Nor’easter easier on data center uptime than Sandy

Wednesday’s storm causes more power outages in northeast, but data centers remain online

8 November 2012 by Yevgeniy Sverdlik - DatacenterDynamics

Nor’easter easier on data center uptime than Sandy
Fallen trees and downed wires in Con Edison’s service territory. Source: ConEd

There have been no reports of major data center outages in the US northeast Wednesday, as a powerful storm referred to as the “nor’easter” arrived in the afternoon, bringing strong winds, rain, snow and more coastal flooding.

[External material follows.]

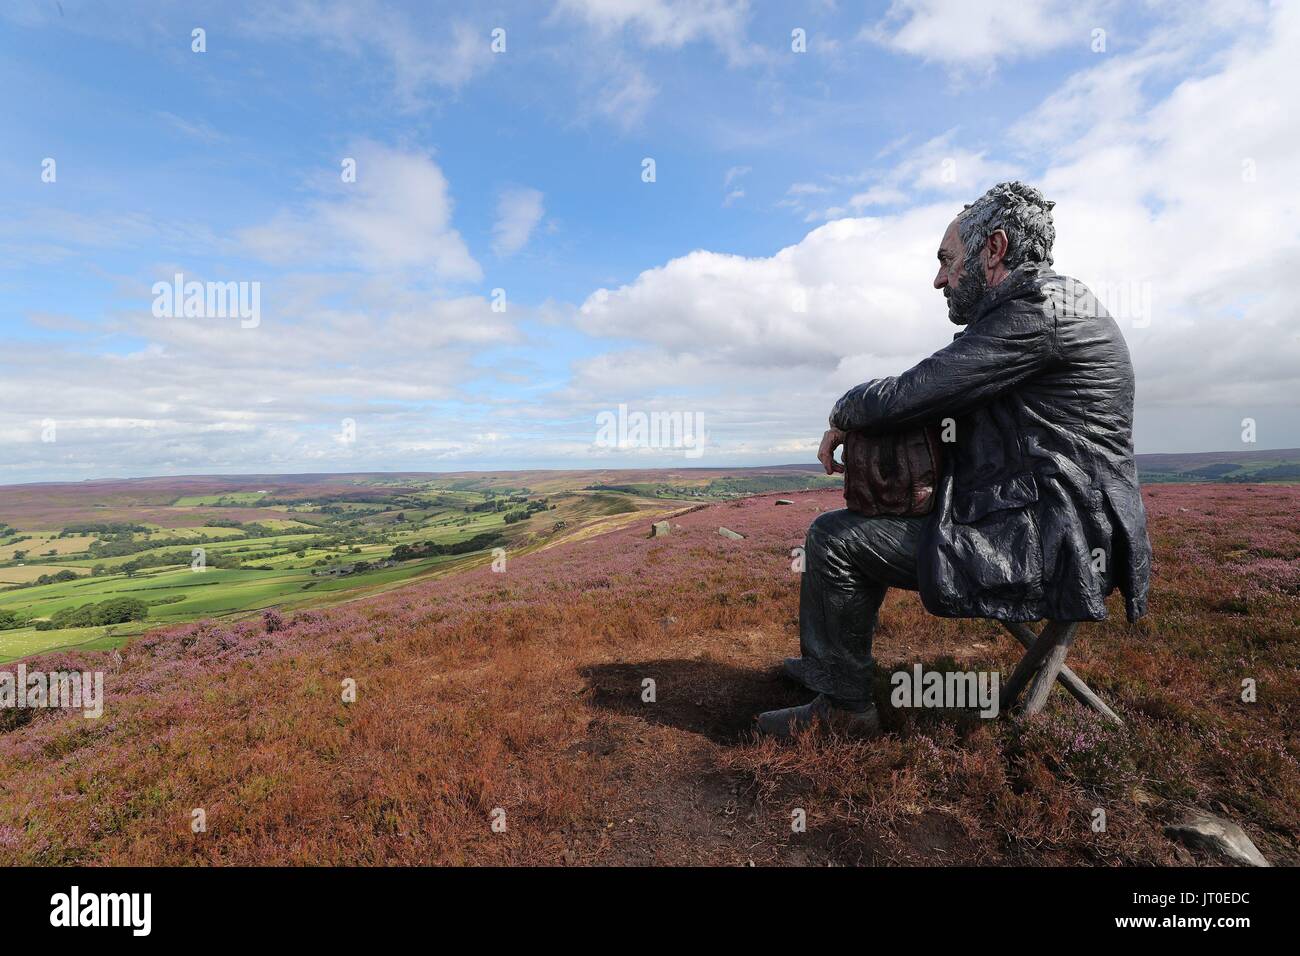 The Seated Man, a 3 meter sculpture by Sean Henry, at Castleton Rigg, near Westerdale in the North York Moors National Park. Stock Photo

The storm, a regular occurrence in the region, came only a few days after the majority of data centers in the region saw utility power restored. Many had been running on backup generators since 29 October, when Hurricane Sandy caused massive floods and power outages across the northeast.

Con Edison, the utility serving New York City and the nearby Westchester County, said it had restored power 900,000 of its customers as of early afternoon on Wednesday. The nor’easter added about 22,000 customers to the list of those who had been without power since Sandy hit, according to a report by the US Department of Energy (DoE).

About 670,000 customers in seven northeastern states were without utility power as of 2pm EDT on Wednesday, according to the DoE.

Digital Realty Trust, provider of wholesale data center space that has facilities in every major city on the east coast, from Miami to Boston, said all of its data centers that had been in Sandy’s path had been running on utility power since 3 November – a status the nor’easter had not changed.

“Everything we own and operate is up and running on utility power,” Lauren Williams, director of marketing at Digital, wrote in an email.

This includes Digital’s data center space the company leases at 111 8th Ave. in New York City, a major data center and network-carrier hub. Confirmed by Internap, also a tenant there, the building is back on utility power after several days of running on generators. It continued receiving utility power on Wednesday evening, following landfall of the nor’easter.

Another one of New York’s major data center hubs, at 75 Broad St., has not yet seen its utility service restored, so it has been running on generator power, an Internap spokeswoman said. The provider also has a data center at this location.

Squarespace, one of the tenants of Peer 1, another data center provider with space at 75 Broad, said a redundant generator had been delivered to the site as backup for the one on the building’s 17th floor. The primary generator (and manual fuel deliveries via stairs) has been keeping the building online since the post-Sandy utility outage, and its fuel filter needs to be cleaned. This is why a backup power source is good news. Once its online, technicians will be able to install a redundant fuel filter on the main generator, a Squarespace representative wrote in a status update online.

As far as nor’easter goes, Squarespace was optimistic. “We do not anticipate any impact from the “Nor’easter” blizzard/storm that is currently descending upon New York (though we certainly aren’t thrilled by it!),” the update read.

CenturyLink-owned provider Savvis also reported that its data centers in the region had been operating on utility power, which did not get interrupted by Wednesday’s storm.